Важное место в советской науке тех лет занимали ученики Ф. Ф. Фортунатова, члены-корреспонденты АН СССР Дмитрий Николаевич Ушаков (1873–1942) и Николай Николаевич Дурново (1876–1937). Д. Н. Ушаков был хранителем традиций своего учителя, хотя объект его исследований был иным: в первую очередь фонетика и лексика современного языка. H. Н. Дурново, живший несколько лет в Чехословакии, испытал влияние идей Н. Трубецкого и своего ученика Р. Якобсона и во многом освоил структурные методы.
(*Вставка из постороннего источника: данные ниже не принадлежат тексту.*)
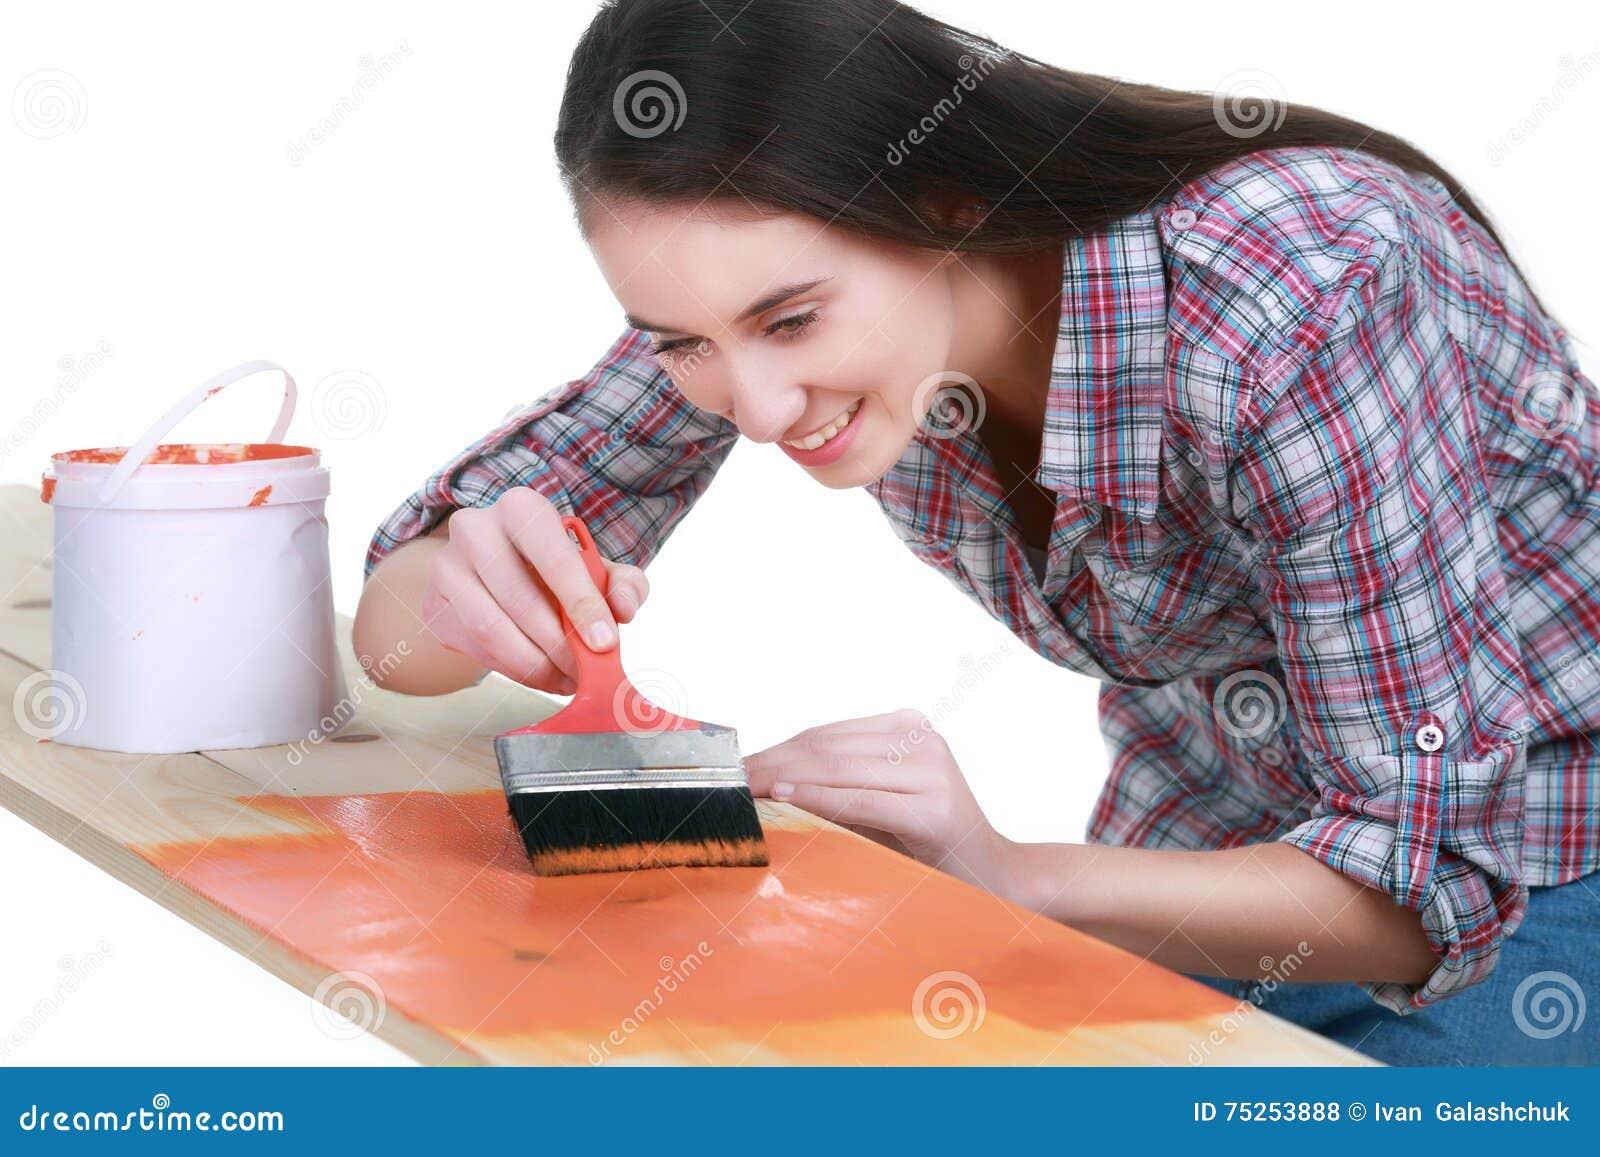 Foto Overhemd En Vrouw Het Schilderen Jonge Speelse Jeans Stock In Ygbf6y7

Оба языковеда — Д. Н. Ушаков и H. Н. Дурново — создали как научную дисциплину русскую диалектологию, предложив используемую до сих пор классификацию диалектов и заложив основы методики сбора диалектных данных. Д. Н. Ушаков также был крупным специалистом в области русского литературного произношения и орфоэпии. Под его руководством был создан широко известный Толковый словарь русского языка, вышедший в четырех томах в 1935–1940 гг. (среди авторов словаря были В. В. Виноградов, Г. О. Винокур и другие видные лингвисты). H. Н. Дурново внес значительный вклад в изучение истории славянских языков и русской грамматики, ему принадлежит первый в нашей стране словарь лингвистических терминов (1924).
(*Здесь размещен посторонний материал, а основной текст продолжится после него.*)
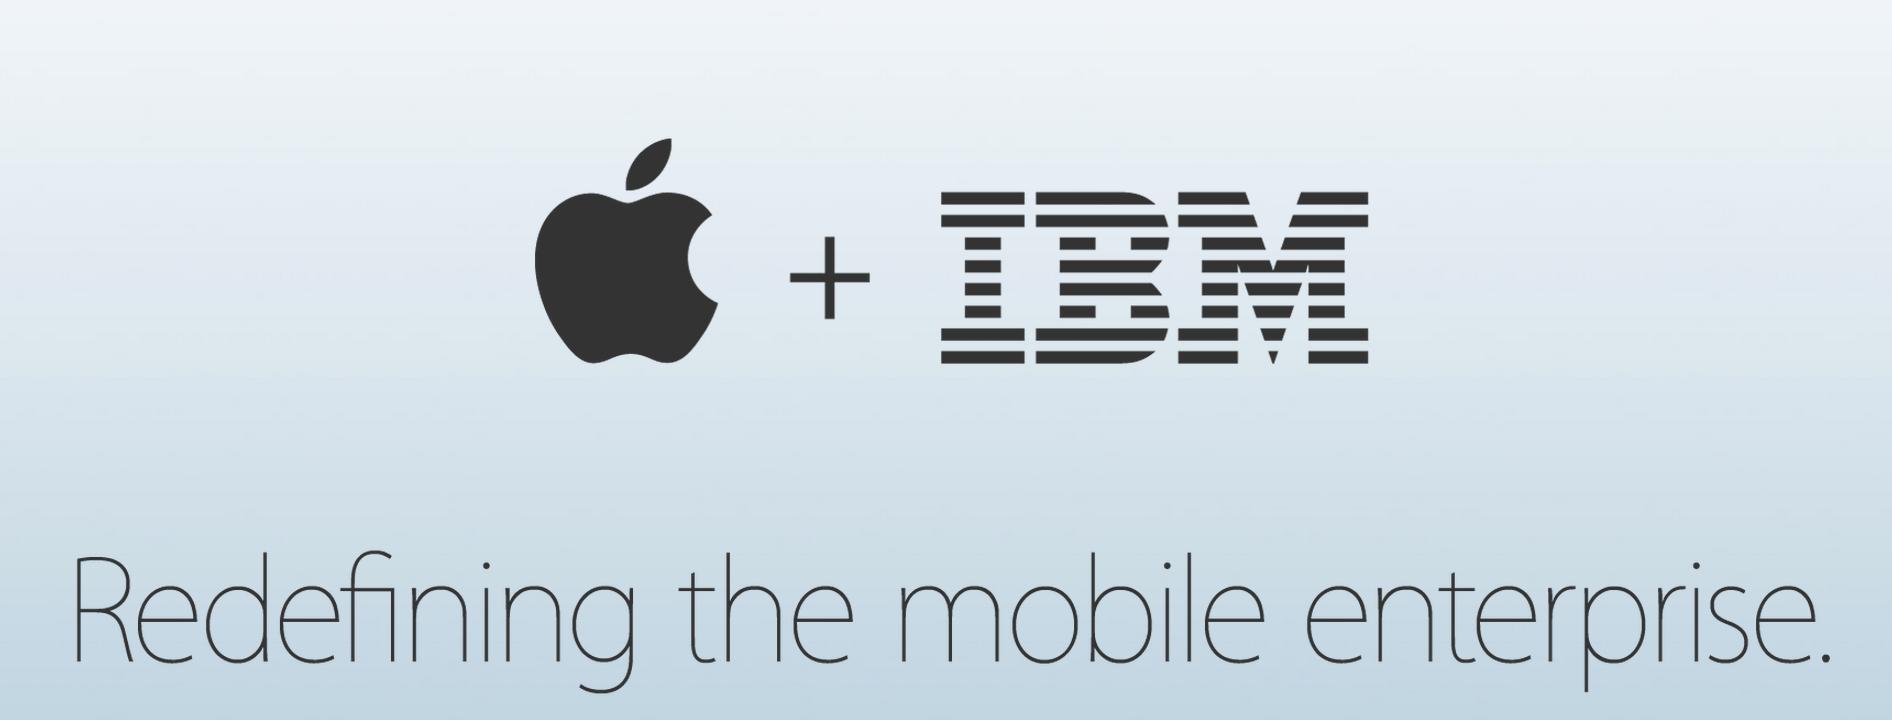 data_applenews_apple_ibm_enterprise

Особо среди ученых старшего поколения следует отметить Александра Матвеевича Пешковского (1878–1933). Он также принадлежал к Московской школе, однако помимо Ф. Ф. Фортунатова он испытал и влияние А. А. Потебни и А. А. Шахматова, особо проявившееся в более поздних его работах. А. М. Пешковский долго работал гимназическим учителем и сравнительно поздно сосредоточился на научных исследованиях. Его первый и самый крупный и известный труд «Русский синтаксис в научном освещении» впервые был издан в 1914 г.; в 1928 г. появилось его третье, значительно переработанное автором издание (всего книга выходила шесть раз, последнее издание — в 1956 г.). В 20-е гг. А. М. Пешковский активно публиковался, преимущественно по вопросам русского языка. В связи со своей многолетней педагогической деятельностью он много занимался вопросами преподавания русского языка, опубликовав ряд учебных пособий («Наш язык» и др.) и работ методического характера.
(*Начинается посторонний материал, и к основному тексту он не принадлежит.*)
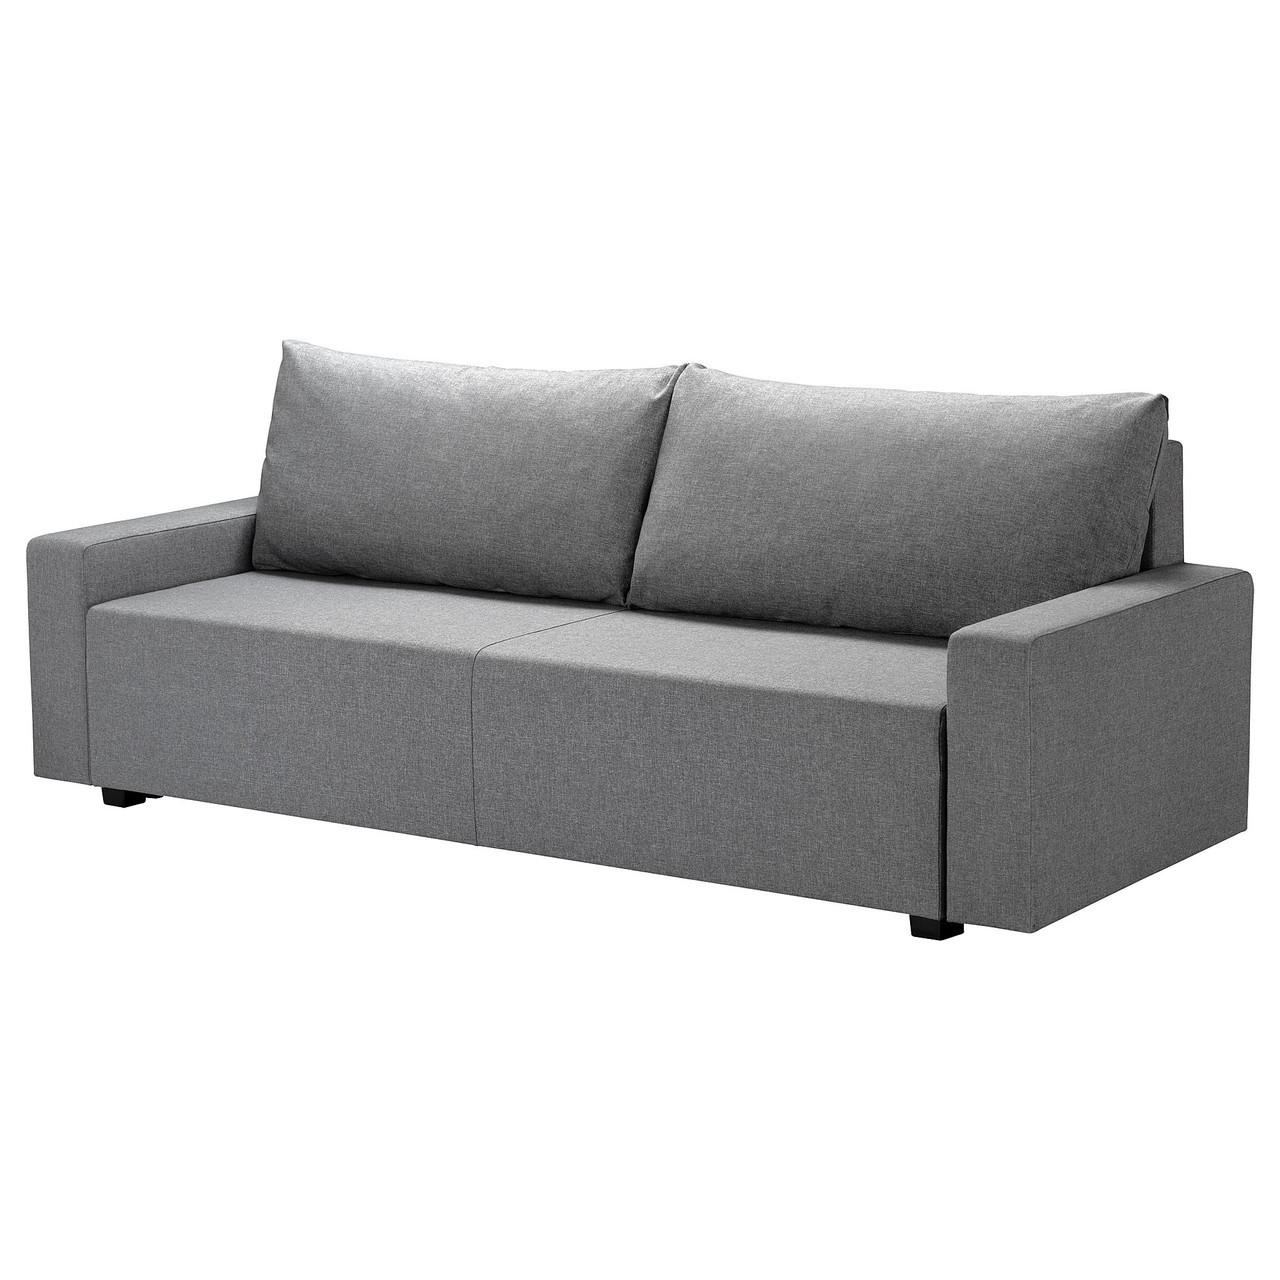 3-местный диван-кровать GIMMARP Гиммарп, Рудорна светло-серый

Главная книга А. М. Пешковского и сейчас остается одним из наиболее детальных и содержательных исследований русского синтаксиса (и во многом грамматики в целом). Книга, как и ряд статей А. М. Пешковского, отражает и общелингвистическую концепцию ученого. Не вполне отказавшись, как и Ф. Ф. Фортунатов, от представления о языкознании как исторической науке, ученый стремился к системному описанию фактов, к выявлению общих закономерностей. Последовательно выступая против логического подхода к языку, А. М. Пешковский старался выработать четкие и основанные на собственно языковых свойствах критерии выделения и классификации единиц языка. С этой точки зрения важна статья «О понятии отдельного слова» (1925), где ставится нетрадиционный вопрос о том, что такое слово и как его можно выделить в тексте. От последовательно формального подхода, господствующего в первых изданиях «Русского синтаксиса…», автор книги затем отошел в сторону психологизма и большего учета семантики, пытаясь синтезировать идеи Ф. Ф. Фортунатова с идеями А. А. Потебни. В частности, части речи в окончательном варианте книги уже предлагалось выделять не по формальным, а по смысловым основаниям. В 20-е гг., когда многие лингвисты стали избавляться от психологизма, А. М. Пешковский продолжал его сохранять; в книге «Наш язык» он писал: «Для науки о языке, когда она занимается значениями слов, важно не то, что есть на самом деле, а что представляется говорящим во время разговора». В связи с психологическим подходом он одним из первых наряду с Л. В. Щербой поставил вопрос об эксперименте в языкознании; в частности, он считал важным постановку лингвистом экспериментов над собой с помощью интроспекции.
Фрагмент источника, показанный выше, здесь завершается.